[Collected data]
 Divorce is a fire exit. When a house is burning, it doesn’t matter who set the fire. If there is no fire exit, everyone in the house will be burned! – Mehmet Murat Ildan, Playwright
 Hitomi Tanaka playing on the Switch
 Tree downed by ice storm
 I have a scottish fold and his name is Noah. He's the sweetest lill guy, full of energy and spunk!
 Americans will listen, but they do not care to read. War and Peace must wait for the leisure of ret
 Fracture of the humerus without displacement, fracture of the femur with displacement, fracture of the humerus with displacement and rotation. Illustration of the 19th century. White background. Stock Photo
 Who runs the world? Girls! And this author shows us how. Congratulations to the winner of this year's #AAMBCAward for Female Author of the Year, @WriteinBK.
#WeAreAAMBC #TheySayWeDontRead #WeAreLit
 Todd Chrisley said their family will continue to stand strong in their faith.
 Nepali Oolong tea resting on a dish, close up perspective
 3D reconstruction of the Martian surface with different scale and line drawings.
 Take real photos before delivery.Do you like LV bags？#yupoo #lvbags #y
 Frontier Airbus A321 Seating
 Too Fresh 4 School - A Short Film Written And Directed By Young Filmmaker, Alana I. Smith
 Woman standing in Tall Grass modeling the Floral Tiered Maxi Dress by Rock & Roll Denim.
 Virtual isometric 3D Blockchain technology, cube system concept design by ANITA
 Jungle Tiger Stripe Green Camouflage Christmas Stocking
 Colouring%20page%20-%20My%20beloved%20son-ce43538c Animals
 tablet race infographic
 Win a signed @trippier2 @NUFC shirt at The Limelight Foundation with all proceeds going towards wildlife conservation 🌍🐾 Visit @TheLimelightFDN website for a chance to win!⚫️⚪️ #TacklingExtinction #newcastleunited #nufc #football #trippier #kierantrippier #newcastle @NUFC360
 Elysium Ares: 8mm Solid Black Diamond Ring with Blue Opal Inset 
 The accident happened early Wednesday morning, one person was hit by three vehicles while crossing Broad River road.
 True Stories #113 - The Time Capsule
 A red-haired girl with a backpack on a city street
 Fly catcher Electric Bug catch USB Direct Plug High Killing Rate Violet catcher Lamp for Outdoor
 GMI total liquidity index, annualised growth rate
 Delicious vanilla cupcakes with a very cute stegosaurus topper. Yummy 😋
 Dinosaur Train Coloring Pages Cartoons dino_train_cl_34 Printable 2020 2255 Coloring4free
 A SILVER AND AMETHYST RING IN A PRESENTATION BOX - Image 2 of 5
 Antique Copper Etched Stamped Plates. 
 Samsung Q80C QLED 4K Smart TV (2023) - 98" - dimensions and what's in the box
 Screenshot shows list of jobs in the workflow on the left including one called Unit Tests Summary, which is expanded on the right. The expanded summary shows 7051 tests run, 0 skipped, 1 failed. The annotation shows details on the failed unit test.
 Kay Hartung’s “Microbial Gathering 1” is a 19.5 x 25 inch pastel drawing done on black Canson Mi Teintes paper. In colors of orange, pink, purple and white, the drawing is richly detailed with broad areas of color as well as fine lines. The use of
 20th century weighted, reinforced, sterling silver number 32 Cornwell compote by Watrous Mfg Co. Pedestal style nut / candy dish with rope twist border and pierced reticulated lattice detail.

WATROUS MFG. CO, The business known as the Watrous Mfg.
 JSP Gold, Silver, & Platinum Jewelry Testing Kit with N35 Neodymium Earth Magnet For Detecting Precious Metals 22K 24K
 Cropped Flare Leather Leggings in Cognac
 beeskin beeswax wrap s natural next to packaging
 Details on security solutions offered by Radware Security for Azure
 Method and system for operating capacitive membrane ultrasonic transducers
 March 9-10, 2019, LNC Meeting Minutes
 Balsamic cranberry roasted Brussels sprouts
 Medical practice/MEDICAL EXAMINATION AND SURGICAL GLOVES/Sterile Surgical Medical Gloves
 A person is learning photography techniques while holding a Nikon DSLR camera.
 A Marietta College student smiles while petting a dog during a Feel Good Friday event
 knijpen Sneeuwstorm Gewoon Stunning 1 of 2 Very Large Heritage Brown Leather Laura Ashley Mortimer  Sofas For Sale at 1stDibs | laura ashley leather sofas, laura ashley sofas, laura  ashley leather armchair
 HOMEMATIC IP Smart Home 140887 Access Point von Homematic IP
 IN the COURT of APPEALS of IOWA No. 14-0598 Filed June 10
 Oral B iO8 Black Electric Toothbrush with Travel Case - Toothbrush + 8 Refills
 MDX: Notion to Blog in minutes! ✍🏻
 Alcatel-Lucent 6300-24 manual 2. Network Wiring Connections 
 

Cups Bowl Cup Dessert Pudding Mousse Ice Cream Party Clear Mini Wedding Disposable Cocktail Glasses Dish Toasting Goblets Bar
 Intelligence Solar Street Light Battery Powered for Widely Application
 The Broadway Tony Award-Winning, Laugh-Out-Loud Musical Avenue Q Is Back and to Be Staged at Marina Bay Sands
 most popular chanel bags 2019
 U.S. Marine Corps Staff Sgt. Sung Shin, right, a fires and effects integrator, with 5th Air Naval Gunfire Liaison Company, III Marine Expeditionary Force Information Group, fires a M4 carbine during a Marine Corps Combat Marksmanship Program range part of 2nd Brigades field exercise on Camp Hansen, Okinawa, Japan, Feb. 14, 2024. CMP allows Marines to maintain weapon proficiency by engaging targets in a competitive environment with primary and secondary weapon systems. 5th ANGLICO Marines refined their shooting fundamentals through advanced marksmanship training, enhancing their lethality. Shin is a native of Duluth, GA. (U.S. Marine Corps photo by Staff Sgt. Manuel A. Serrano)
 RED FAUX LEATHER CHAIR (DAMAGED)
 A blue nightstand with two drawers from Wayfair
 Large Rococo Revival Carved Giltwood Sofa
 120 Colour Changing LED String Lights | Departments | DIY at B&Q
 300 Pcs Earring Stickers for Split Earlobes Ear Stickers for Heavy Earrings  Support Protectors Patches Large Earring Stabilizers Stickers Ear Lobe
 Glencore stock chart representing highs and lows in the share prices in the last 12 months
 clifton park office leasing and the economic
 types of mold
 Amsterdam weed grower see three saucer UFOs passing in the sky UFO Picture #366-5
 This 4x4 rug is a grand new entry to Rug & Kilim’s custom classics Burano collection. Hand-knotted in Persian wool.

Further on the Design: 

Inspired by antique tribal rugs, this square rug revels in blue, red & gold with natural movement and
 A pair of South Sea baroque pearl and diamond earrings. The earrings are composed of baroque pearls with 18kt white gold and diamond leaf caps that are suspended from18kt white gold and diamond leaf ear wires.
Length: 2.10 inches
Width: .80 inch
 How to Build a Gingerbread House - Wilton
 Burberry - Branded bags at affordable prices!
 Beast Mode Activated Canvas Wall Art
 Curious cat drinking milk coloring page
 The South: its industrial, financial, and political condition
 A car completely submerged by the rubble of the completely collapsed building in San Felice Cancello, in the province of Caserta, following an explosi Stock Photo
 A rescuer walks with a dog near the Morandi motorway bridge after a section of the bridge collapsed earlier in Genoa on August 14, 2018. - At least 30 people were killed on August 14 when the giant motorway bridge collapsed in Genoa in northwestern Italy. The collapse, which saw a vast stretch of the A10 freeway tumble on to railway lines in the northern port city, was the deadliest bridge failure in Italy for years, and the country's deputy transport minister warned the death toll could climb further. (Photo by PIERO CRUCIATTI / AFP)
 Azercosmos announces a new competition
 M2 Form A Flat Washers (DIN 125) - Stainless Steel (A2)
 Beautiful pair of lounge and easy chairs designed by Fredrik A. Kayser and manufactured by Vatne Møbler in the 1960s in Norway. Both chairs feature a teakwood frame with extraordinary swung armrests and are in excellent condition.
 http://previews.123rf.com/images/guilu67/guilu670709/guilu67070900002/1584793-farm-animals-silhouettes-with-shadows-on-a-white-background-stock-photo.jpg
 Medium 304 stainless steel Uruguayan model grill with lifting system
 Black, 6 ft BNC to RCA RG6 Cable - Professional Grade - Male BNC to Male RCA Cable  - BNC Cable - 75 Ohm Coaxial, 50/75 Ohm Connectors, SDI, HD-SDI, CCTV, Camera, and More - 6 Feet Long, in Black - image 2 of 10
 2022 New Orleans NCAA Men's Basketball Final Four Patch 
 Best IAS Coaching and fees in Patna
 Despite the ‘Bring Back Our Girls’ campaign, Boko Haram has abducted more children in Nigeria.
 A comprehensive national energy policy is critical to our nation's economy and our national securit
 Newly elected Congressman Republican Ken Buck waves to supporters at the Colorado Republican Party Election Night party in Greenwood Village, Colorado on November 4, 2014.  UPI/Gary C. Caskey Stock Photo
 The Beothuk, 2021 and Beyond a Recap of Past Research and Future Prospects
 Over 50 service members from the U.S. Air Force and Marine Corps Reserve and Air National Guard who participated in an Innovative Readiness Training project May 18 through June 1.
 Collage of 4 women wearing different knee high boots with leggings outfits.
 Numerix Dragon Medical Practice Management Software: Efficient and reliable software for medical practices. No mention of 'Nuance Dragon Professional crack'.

• **What needs to be done**
What are the lines, exactly as written above, from the line with "Todd Chrisley said" to the line with "Frontier Airbus A321 Seating", both included? Output only those.

• **Task response**
 Todd Chrisley said their family will continue to stand strong in their faith.
 Nepali Oolong tea resting on a dish, close up perspective
 3D reconstruction of the Martian surface with different scale and line drawings.
 Take real photos before delivery.Do you like LV bags？#yupoo #lvbags #y
 Frontier Airbus A321 Seating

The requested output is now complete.